Here’s another one of the little frames that has distorted view rather than elucidated it: Let’s talk about BP in Indiana. The refinery that BP (using illegally exploited foreign labour) converted to take on bitumen from Canada has rightly been condemned for a recent spill of multiple barrels of tar sands (diluted) bitumen mixed with condensate directly into the only exclusively American Great Lake.
I have a quibble: This is not news. Where, as in from what part of the refinery itself, it spilled is news. The fact it was unprocessed bitumen is a devastating bit of muck. The fact that this is a lake that provides fresh drinking water to huge populations, including the vast city of Chicago on the adjoining shoreline, is not news, either.
In the tar sands extraction and refining process to arrive at jet fuel or other “finished products” involves more than just the refinery– and there are two major areas that require large amounts of water use. In the plant/extraction of the bitumen from a mine in Alberta, the water is used to “help” separate the bitumen from the sands, clays and silts. After the water is toxified and cannot be used in this manner any longer, it goes into giant holding pens known to the common world as “tailings ponds.” They have different names, names that usually coincide with the name of the mine: Syncrude Aurora, Albian Sands, Suncor Steepbank, and so on.
Near Chicago, the holding tank for the waste water produced at the BP refinery– now at both dirtier and higher quantity amounts, thanks to tar sands extraction– has a name: Lake Michigan. The discharge pipes, pumping constantly and directly into the Lake, are visible while standing on the shore without venturing away from public areas. It’s not a secret; it’s just not mentioned as a scandal.

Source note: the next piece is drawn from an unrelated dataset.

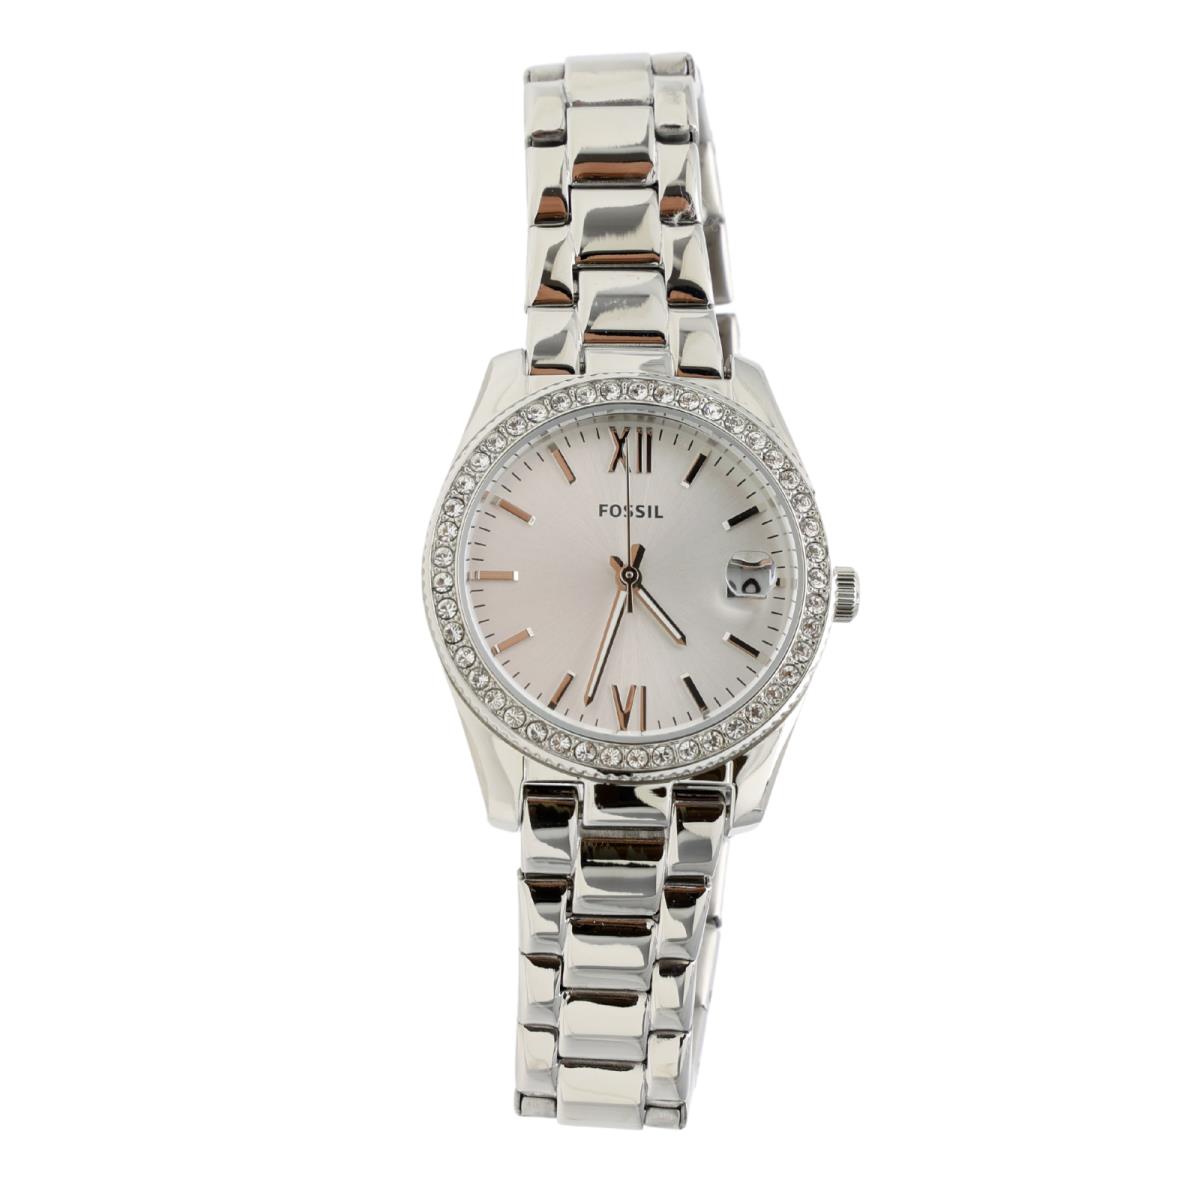 Fossil 2866 Womens Silver Scarlette Crystal Bracelet Watch 32mm

The waste water from the procedure is toxic; near the refinery are many signs warning people not to fish and eat the catch. My last time on the shoreline there I watched people ignoring the signage, even fishing not more than 20 feet from where the waste gunk was gushing into the lake.
Yes, it’s a tragedy that the spill happened, but its an ongoing one. Every operating refinery– both from the flares (usually being illegally operated) and the waste water– is by definition an on-going oil and gas spill. Into the water and into the air.

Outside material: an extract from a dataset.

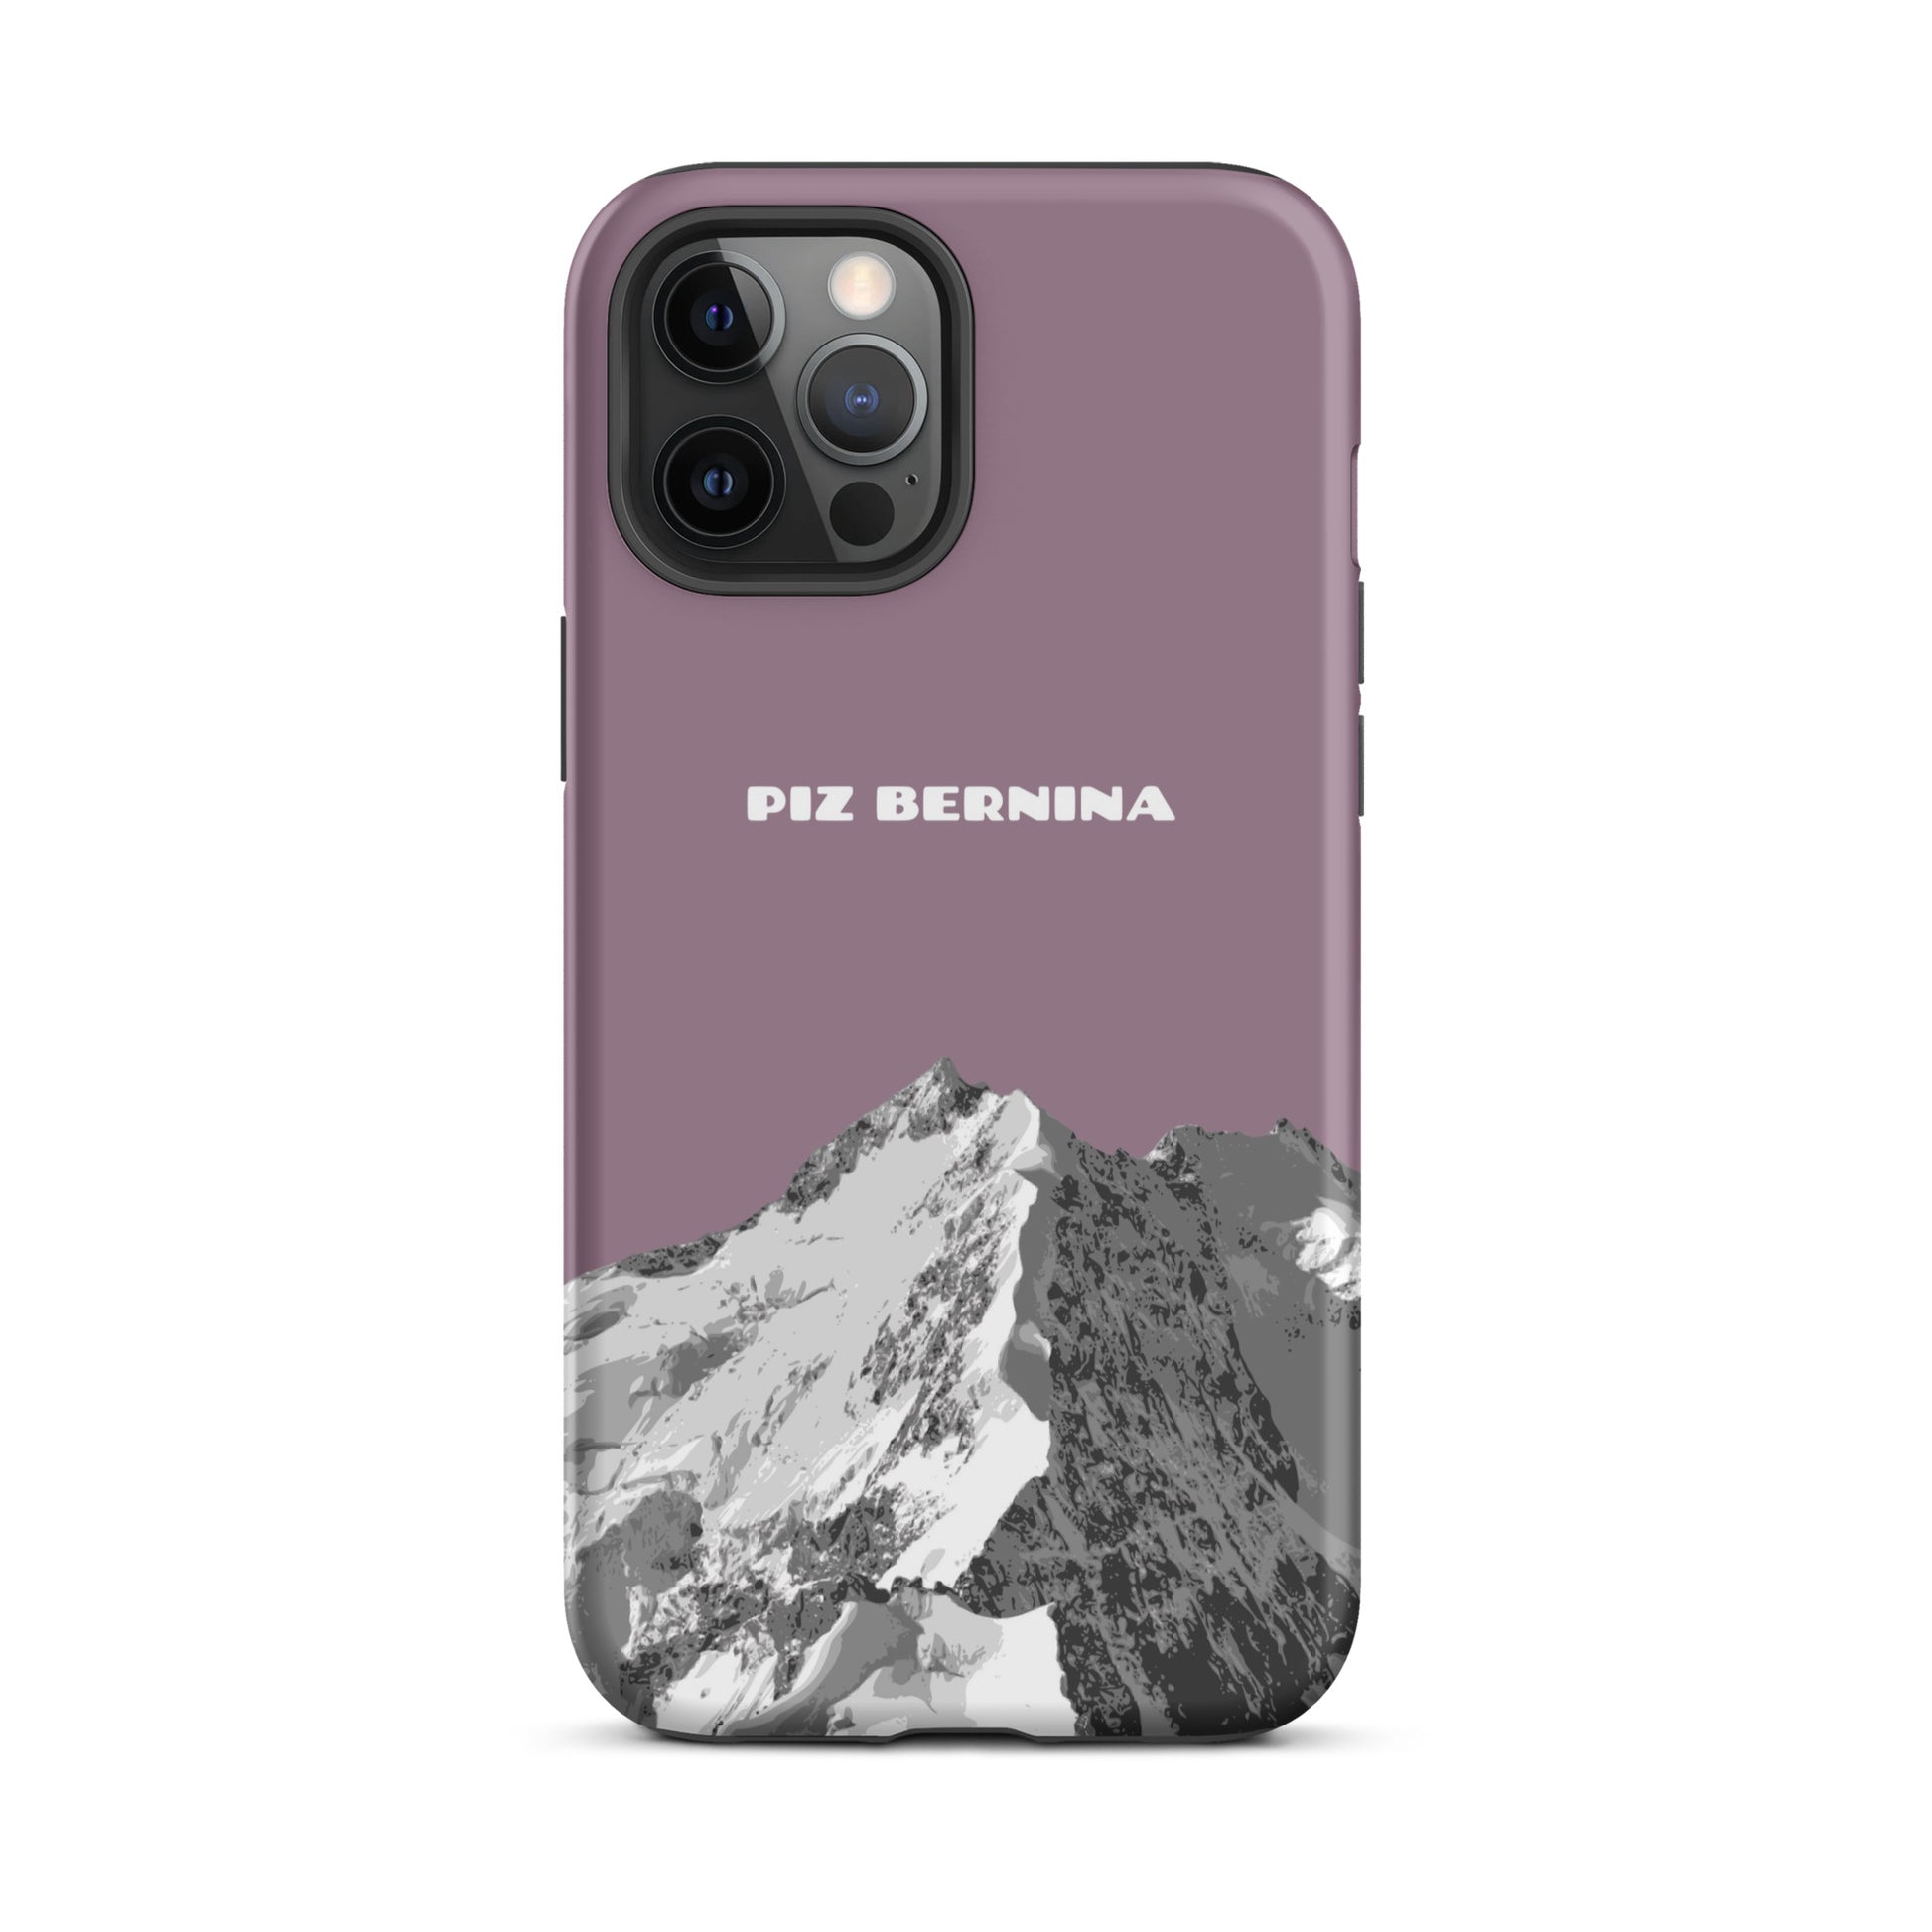 Hülle für das iPhone 12 Pro Max von Apple in der Farbe Pastellviolett, dass den Piz Bernina in Graubünden zeigt.

That kind of framework is not a possible debate point for the people who want to talk about how one report in Alberta undermined Dr. John O’Connor. Despite his own personal trials (never mentioned) and his reluctant embrace of any spotlight, O’Connor is portrayed as willfully denying reality to fit an agenda.
With the war mongering of Canada in so many spheres now, and the stark lack of honesty as to what the designs of oil and gas are really for in Fortress North America, we can see whose polemics are truly being skewed in the direction of power and greed, and whose are just basic truth tellers.

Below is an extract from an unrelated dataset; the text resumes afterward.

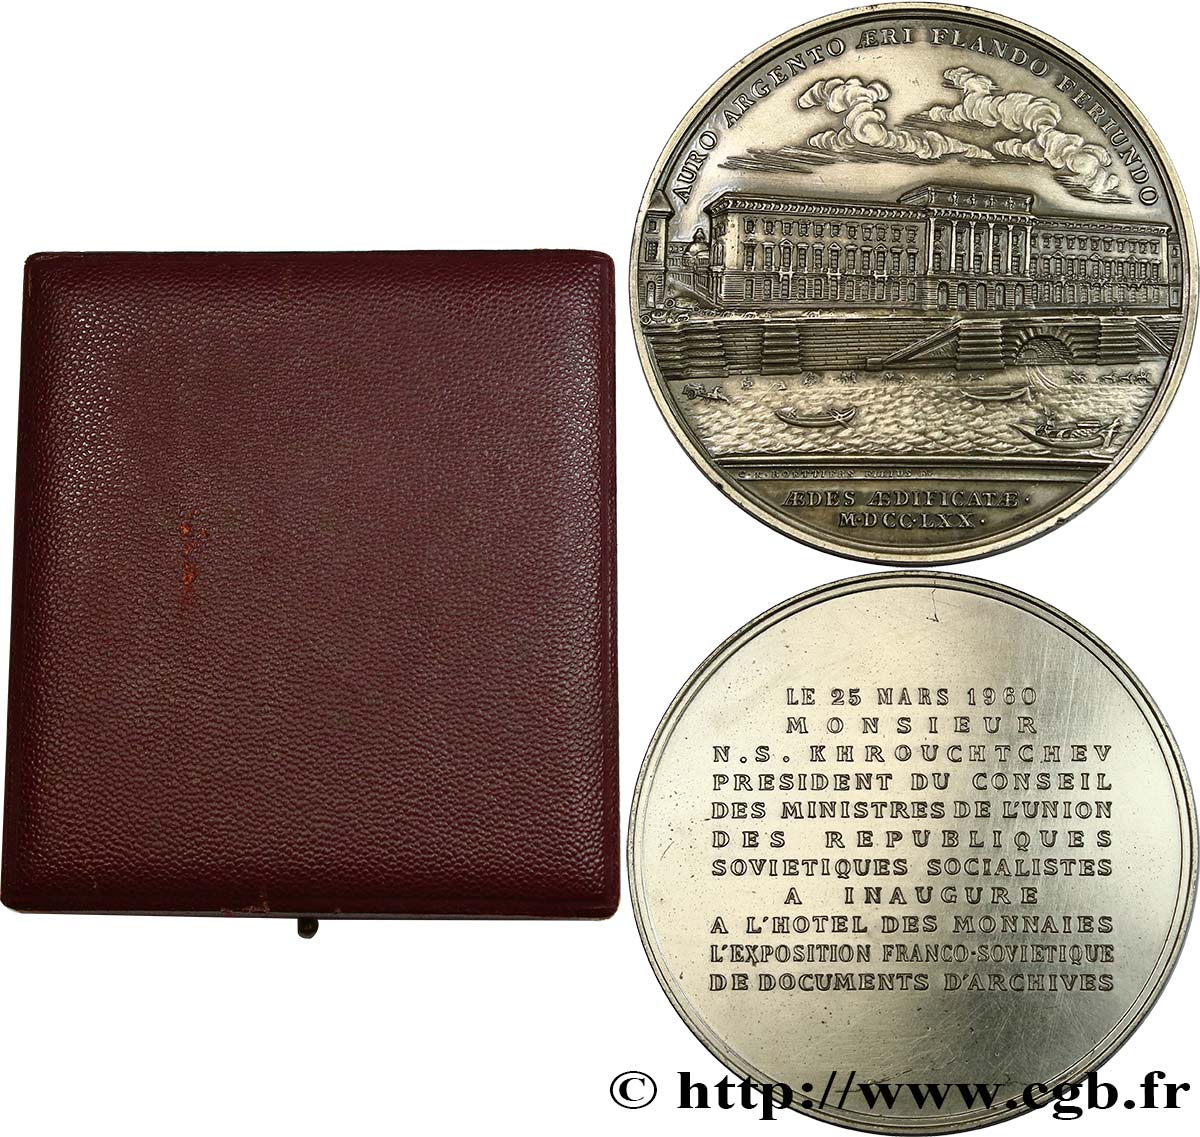 QUINTA REPUBBLICA FRANCESE Médaille pour la visite de la Monnaie, exposition franco-soviétique SPL

While many would have you believe that there are “disputes” about the true cost of tar sands, that is true– the costs we never hear from great lakes to great wars are yet further evidence of what it has become: The tar sands cannot be taken down from within the system, because the tar sands (along with oil and gas in general) are the system, the blood in the body of capitalism. This society has contracted sepsis from this toxic, black blood flowing the social fabric. We are near death from treating the initial problem incorrectly; without diagnosing the actual disease we are treating we may further increase the likelihood that it is terminal.
The human body runs with blood that is red;
The Earth’s body runs with blood that is blue.
Capitalism runs with blood that is black.
The red and the blue require one another to feed each other:
Black blood destroys that of blue and red, taking and never giving.
Two give life, and one takes it away.